Sarah Wollaston Blasts Parliament's 'Default' Position Of Refusing To Allow MPs To Job Share

A senior Tory has attacked parliament's "default no position" on a legal change that would allow MPs to job-share with another person.

It should be "perfectly possible" for two people to combine their candidacies to encourage more women and a greater variety of people with different experiences to become MPs, Sarah Wollaston told The Huffington Post UK.

Dr Wollaston, who took part in a job share as a GP before she entered Westminster and chairs the Health Select Committee, was speaking after two women barred from standing together as Green Party candidates in the May election lost their legal challenge to the decision.

Sarah Cope (right) and Clare Phipps (left) lost their case to be able to stand together

Sarah Cope, 36, who is the main carer for two young children, and 26-year-old Clare Phipps, who has a disability known as idiopathic hypersomnia, said they could represent the Basingstoke constituency better if they combined their candidacy.

Ms Phipps said: "Allowing those currently barred due to health conditions or caring and family responsibilities to become MPs would not only give these people their fundamental right to participate in our democracy, it would allow them to fight from within the House of Commons against policies which currently see the privileged few gain at the expense of the most vulnerable in our society.”

A High Court judge ruled against them on Tuesday, concluding that barring their joint candidacy was "unarguably correct" as the law stood.

Job sharing is arrangement struck between employees and employers, it is not allowed in parliament because people cannot stand for election together.

Dr Wollaston has previously called her party's inner circle "far too posh, male and white" and told HuffPost UK changing the law to make job sharing possible would help parliament diversify.
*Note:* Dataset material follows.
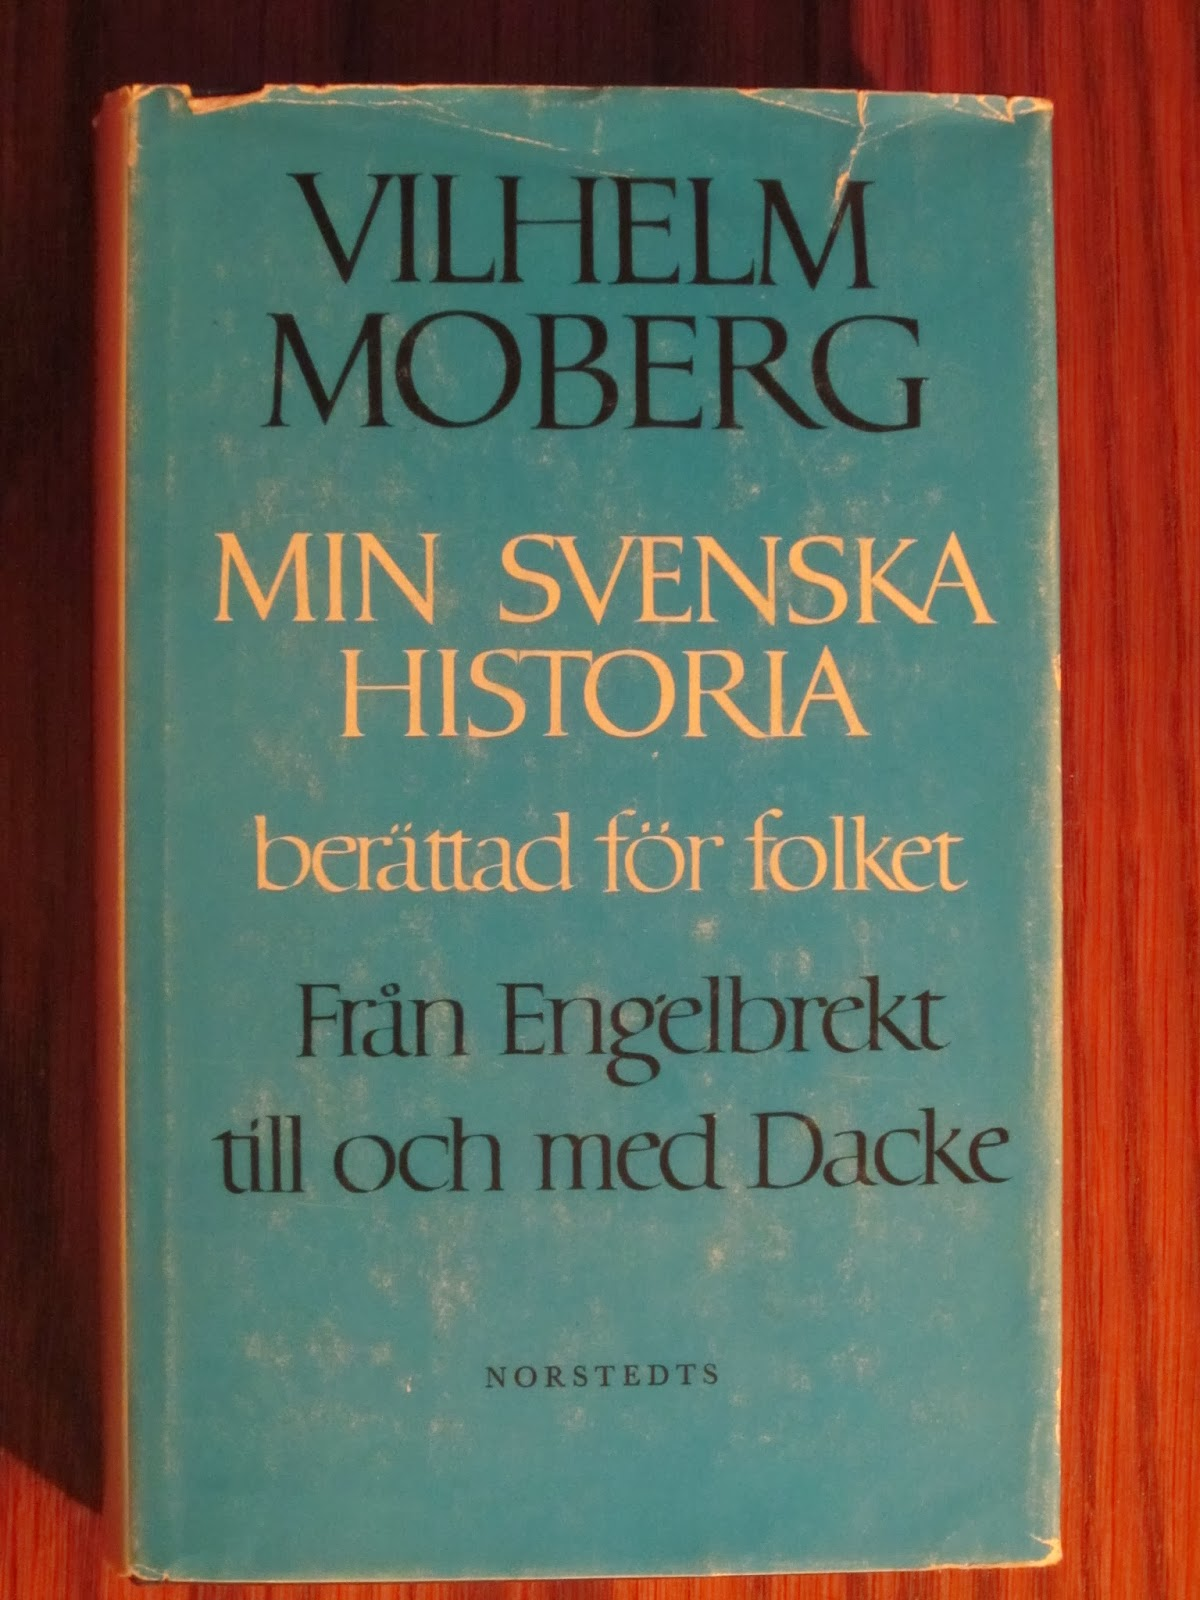 Image result for vilhelm moberg min svenska historia

Sarah Wollaston condemned parliament's 'default no position' on the issue

She said it would not have to cost taxpayer any extra and could bring "other areas of expertise" by having two people from different backgrounds representing a constituency.

She told HuffPost UK: "We're gradually creeping towards (being more representative). We are up to nearly a third of MPs being women but we still under-represented in terms of people with disabilities and other lived experiences.
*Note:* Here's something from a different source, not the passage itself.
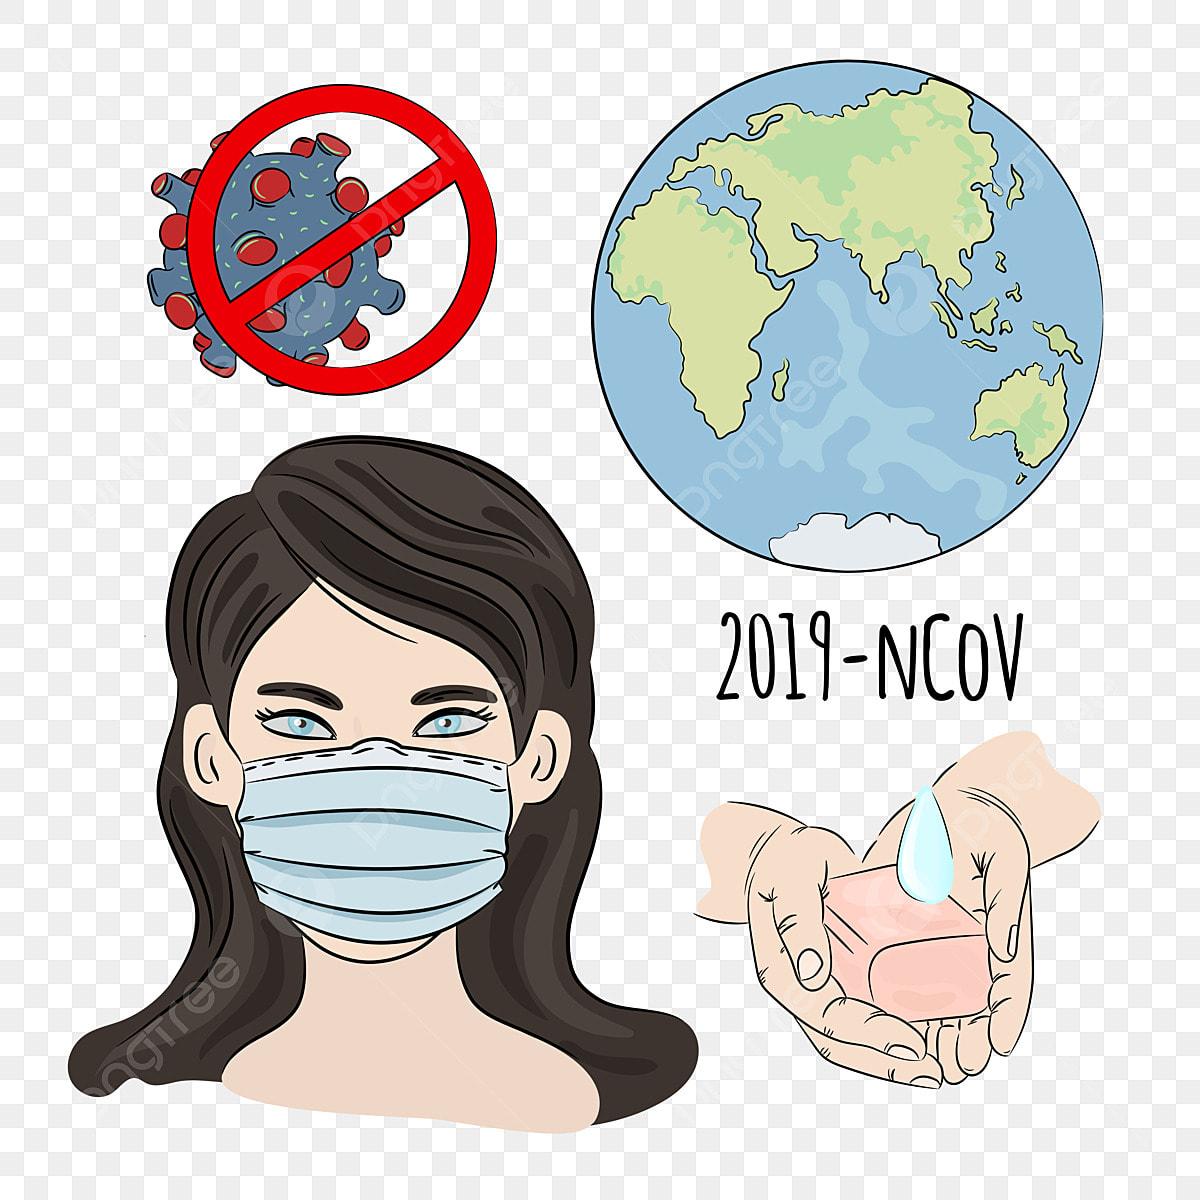 Ncov In Mask Coronavirus Health Earth Human Epidemic

"It's very important we find a proportionate way that can address that."

When asked if she was calling on her party leader David Cameron to act, she said: "I have spoken to many colleagues about this in the last parliament and got a flat no.

"I think we need to keep up the pressure... It's important to remember with this, as with any parliament selection, it would be up to whoever select the candidates and then up to the electorate to decide who they want."

Dr Wollaston said people with young children would be more likely to seek to be MPs if they knew they could job share.

She said: "The hours of the job can actually be very punishing. I think that there's a deterrent for people with young children... I entered parliament when my children were teenagers. I personally wouldn't have chosen to go into parliament when they were younger. I take my hat off to those who do...

"If we are going to do something about this we need to consider how to make people apply for the job in the first place. We are not going to achieve that unless we actually make it easier for people with young families to apply."

The 2015 general election returned 191 female MPs, the highest number ever, but still only 29% of the total 650.

In a joint statement to HuffPost UK, Ms Cope and Ms Phipps said job sharing could "pave the way towards a more representative and democratic parliament".

They added: "Job-shares are a well-established working arrangement and should be a feature of any modern parliament.

"However, the support we have received for this campaign from across the political spectrum and the electorate shows just how important an issue this is.

"Indeed, Mr Justice Wilkie, in his summing-up, said 'there can be no doubt as to the seriousness of this issue which is fundamental to the function of democracy'. The court has, in effect, passed the buck back to parliament."